What is expected: Can you copy out the data exactly? Leave the images out.

Information provided:
|---|

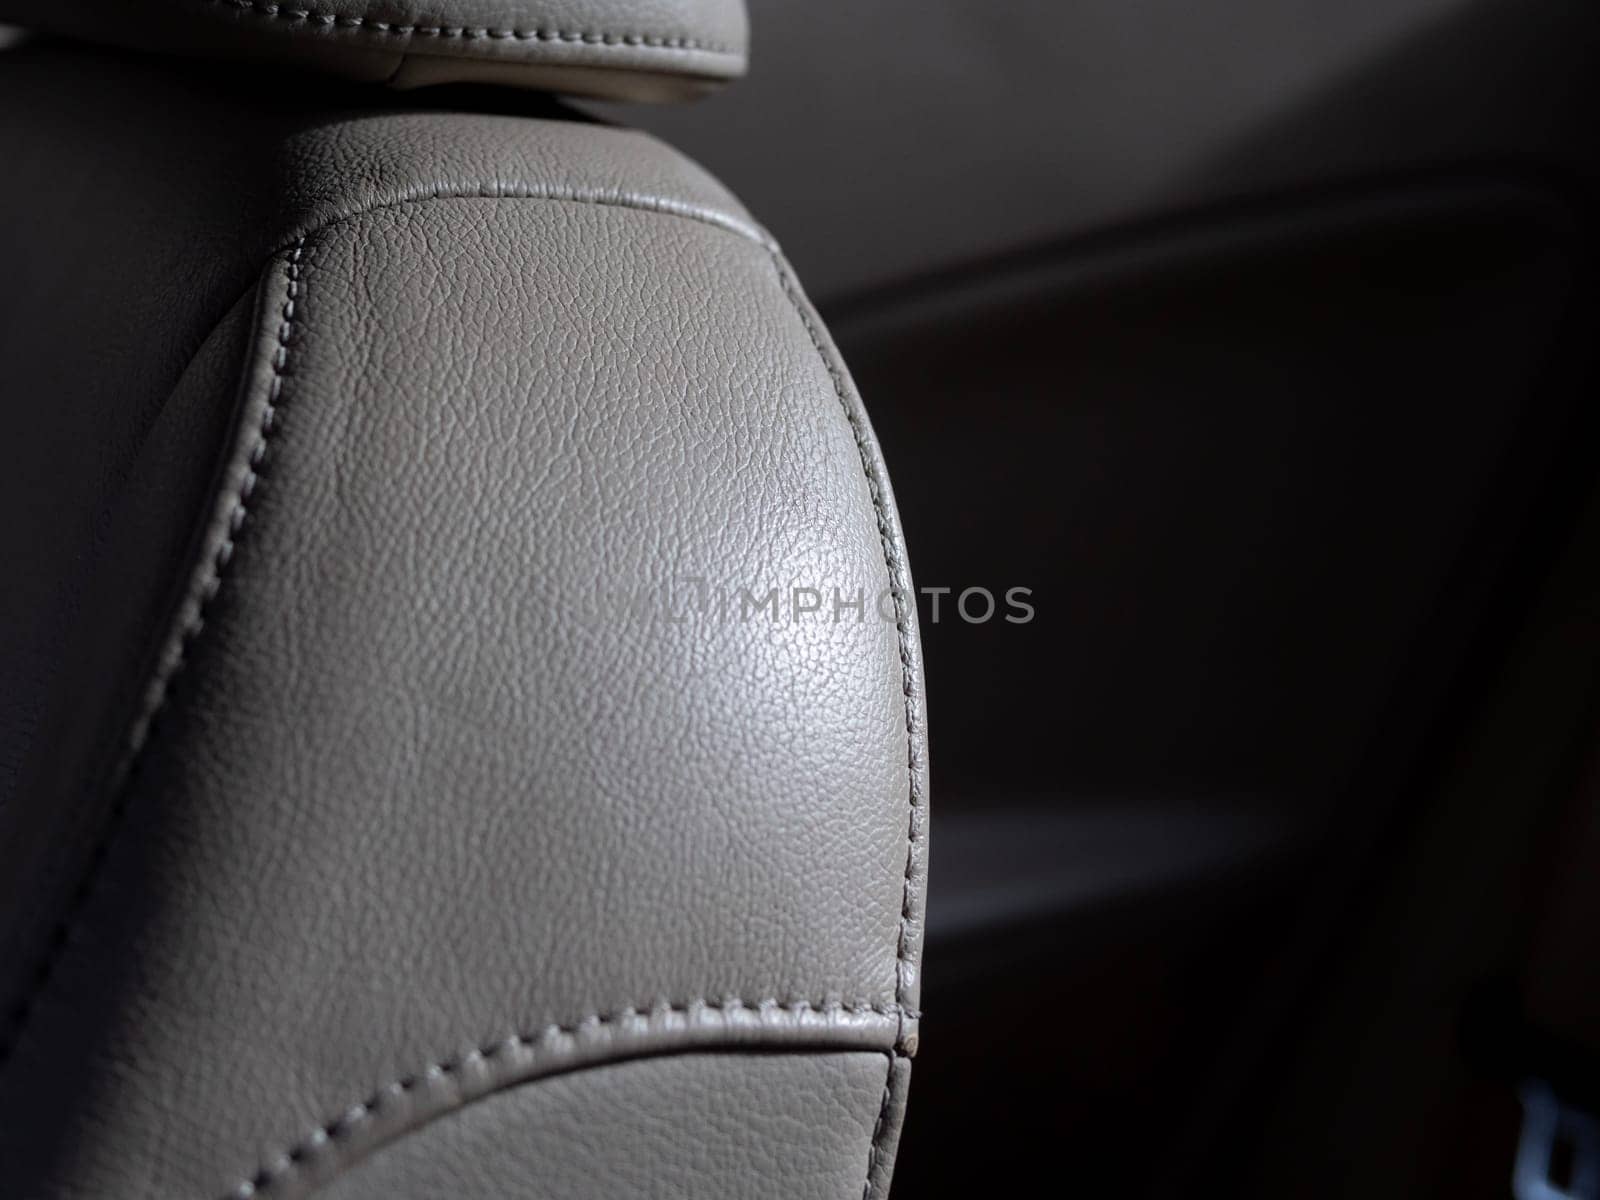 Part of leather car seat details by jackreznor
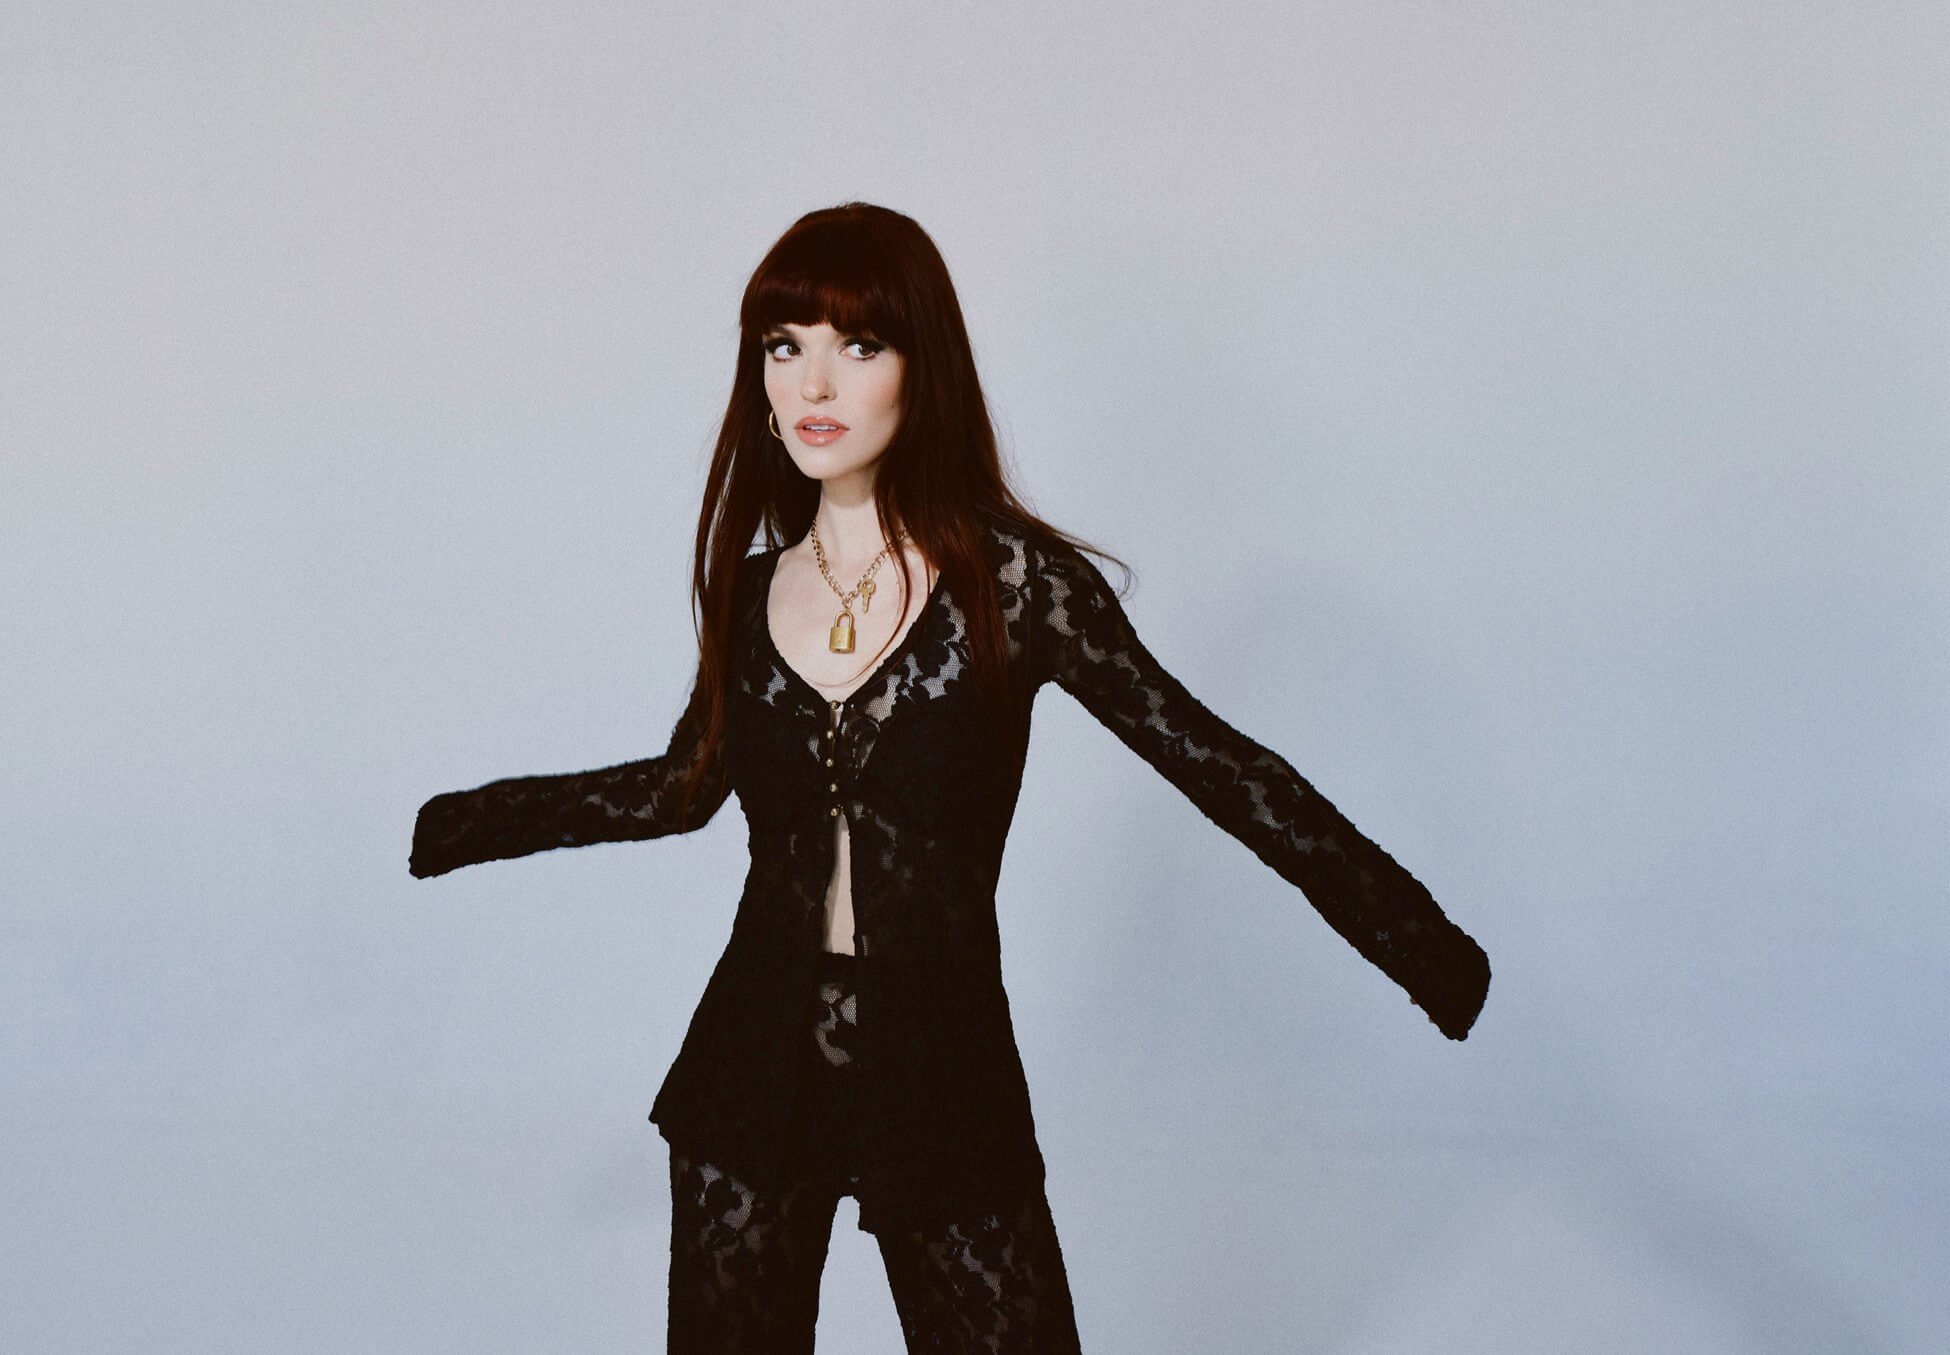 Lily Kinade stands in front of a gray backdrop wearing a black lace outfit
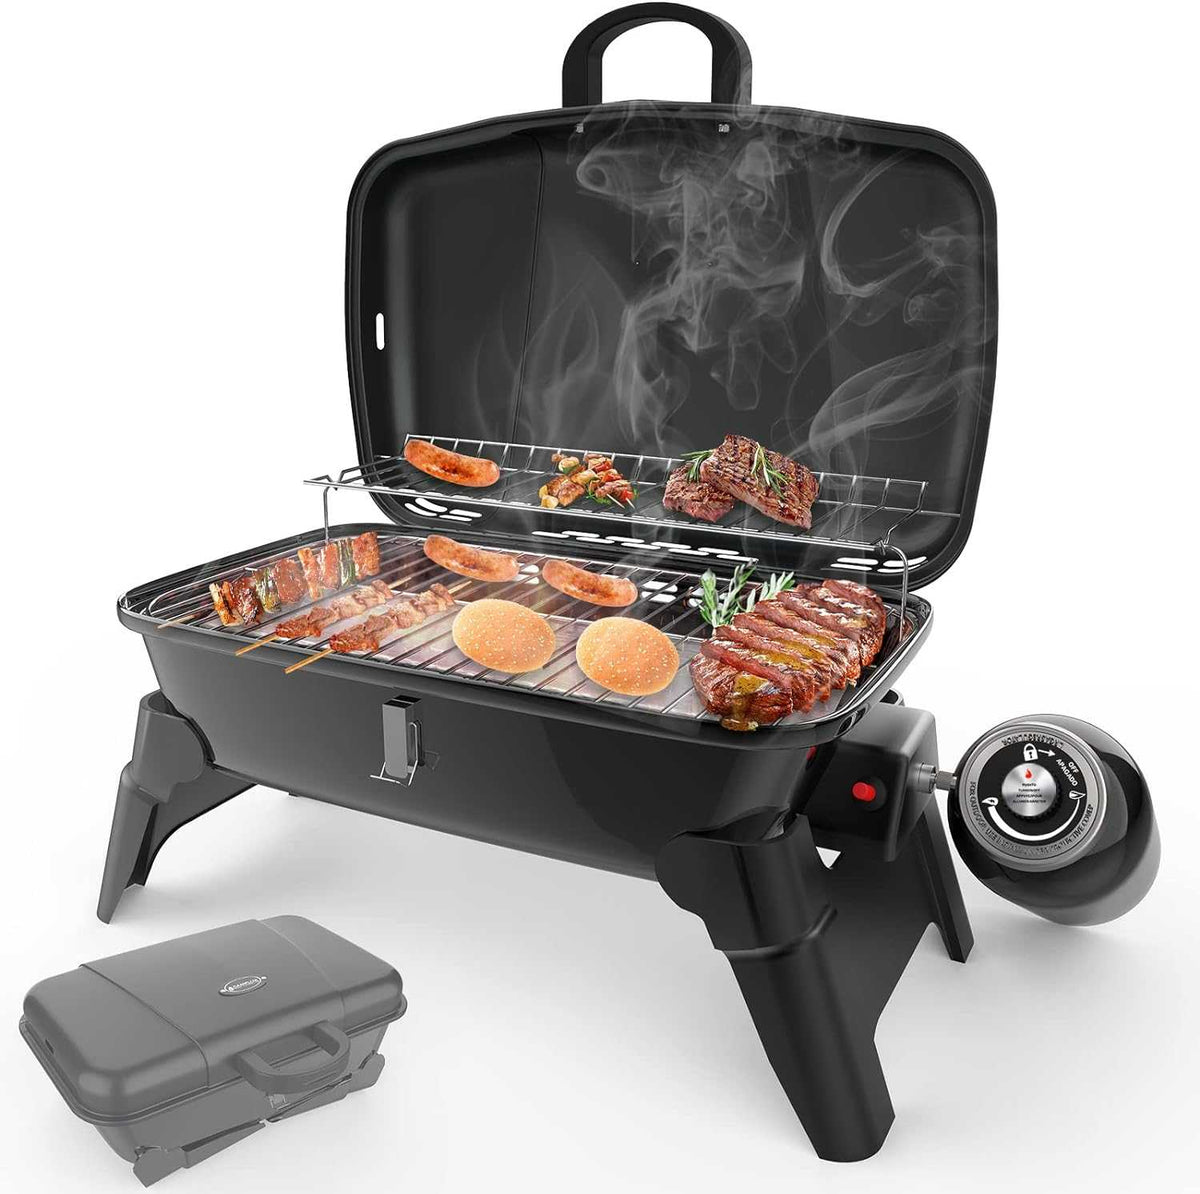 Camplux Portable Gas Grill 189 Square Inches, Small Propane Grill for Camping, Outdoor Cooking

|---|

Solution to this problem:
 Part of leather car seat details by jackreznor
 Lily Kinade stands in front of a gray backdrop wearing a black lace outfit
 Camplux Portable Gas Grill 189 Square Inches, Small Propane Grill for Camping, Outdoor Cooking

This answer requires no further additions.